# Seeking advice on bait for steelhead



## Esox31 (Aug 3, 2013)

I will be hitting the Huron River tonight in hopes of catching some steelhead. I do not own a fly fishing pole, otherwise I would assume that is the best route to go. I've heard that wigglers and spawn work good though. Does anyone have a preference over the other? Thanks!


----------



## Jimbo 09 (Jan 28, 2013)

You could also toss lures like Hot n Tots or spoons if you already have some. That is what I would try right now.


----------



## Jimbo 09 (Jan 28, 2013)

Colors like chrome/blue/black/gold etc. Also you can post in the SE Michigan streams section to get more responses and also some current reports.


----------



## Minner_Chaser (Jul 9, 2013)

I mainly jig fish for them.

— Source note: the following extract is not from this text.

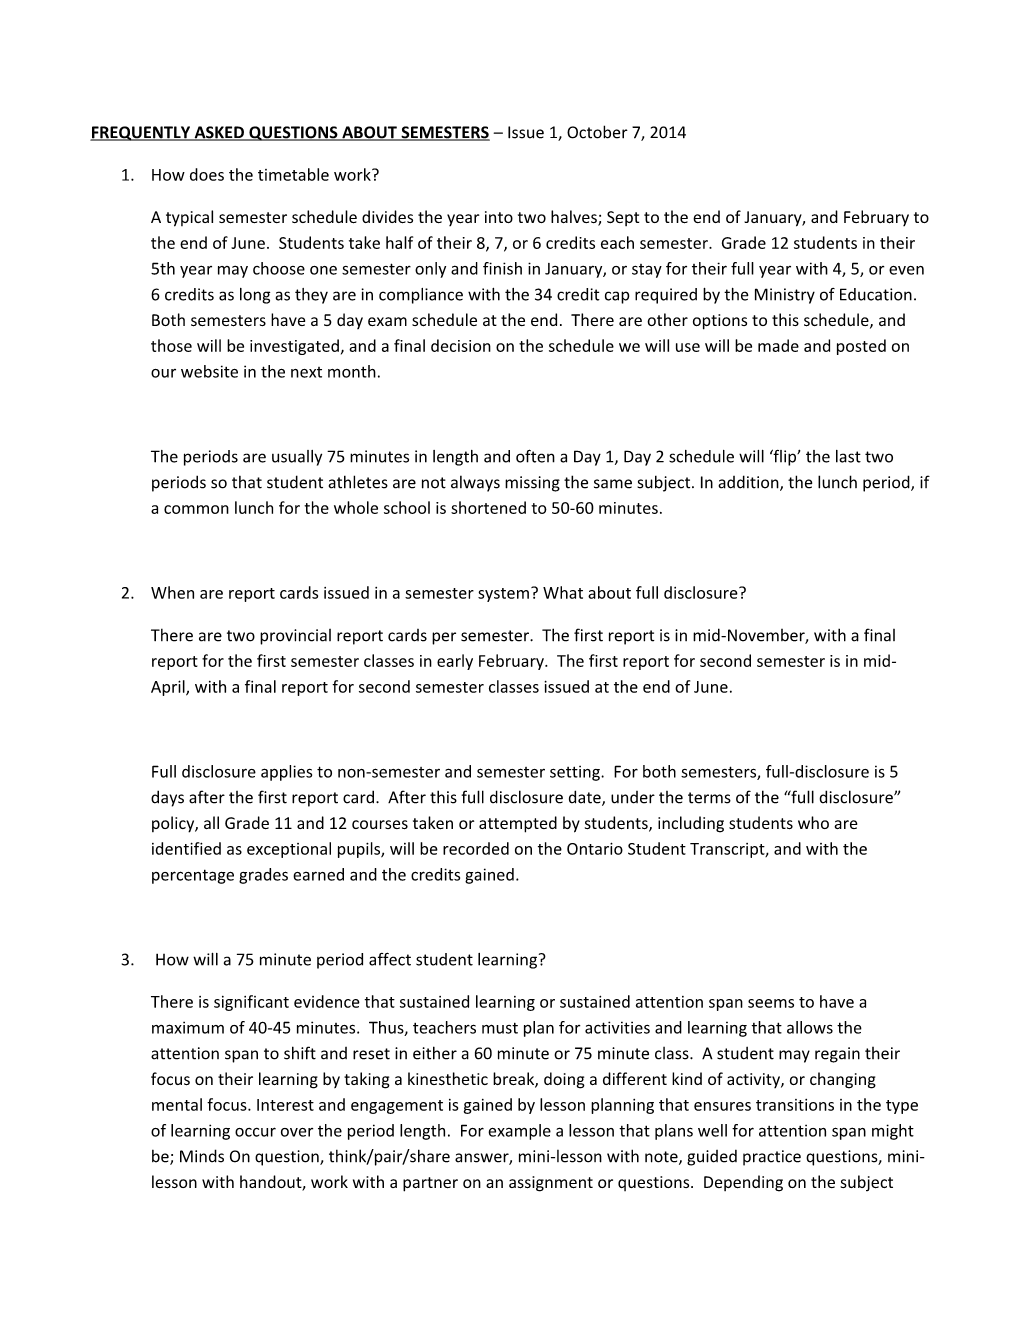 FREQUENTLY ASKED QUESTIONS ABOUT SEMESTERS Issue 1, October 7, 2014

To me it is the easiest way to learn, but that's just my personal opinion. I have a fly rod and have been getting practice but have yet to get one on it. Hoping to change that this year.


----------



## Jimbo 09 (Jan 28, 2013)

Minner_Chaser said:


> I mainly jig fish for them. To me it is the easiest way to learn, but that's just my personal opinion. I have a fly rod and have been getting practice but have yet to get one on it. Hoping to change that this year.


Have heard jig fishing mentioned a lot. How do you fish them, under a bobber or just letting it bounce bottom?


----------



## Minner_Chaser (Jul 9, 2013)

Jimbo 09 said:


> Have heard jig fishing mentioned a lot. How do you fish them, under a bobber or just letting it bounce bottom?


Ran under a float/bobber. Use a heavier main line and then get yourself those beads and string sets from walmart, tie on float, then a swivel, then leader of designated choice.


----------



## Esox31 (Aug 3, 2013)

Tried spoons, floating spawn, and wigglers but got nothing. I will be trying the jigging method tomorrow morning. Thanks for all the info


----------



## Minner_Chaser (Jul 9, 2013)

Good luck. Watch this video. I didn't catch one until I practiced and got this stuff down pat. I'll be out Sunday on the Clinton


----------



## limige (Sep 2, 2005)

Nice vid!


IMO theres very little steelhead water in se mi. Those areas get pounded and don't have large runs. I would practice in areas with more fish and then work on home waters.


----------



## Esox31 (Aug 3, 2013)

Awesome video. I was doing exactly it said not to do and dragging the spawn on bottom. Lots of snags.


----------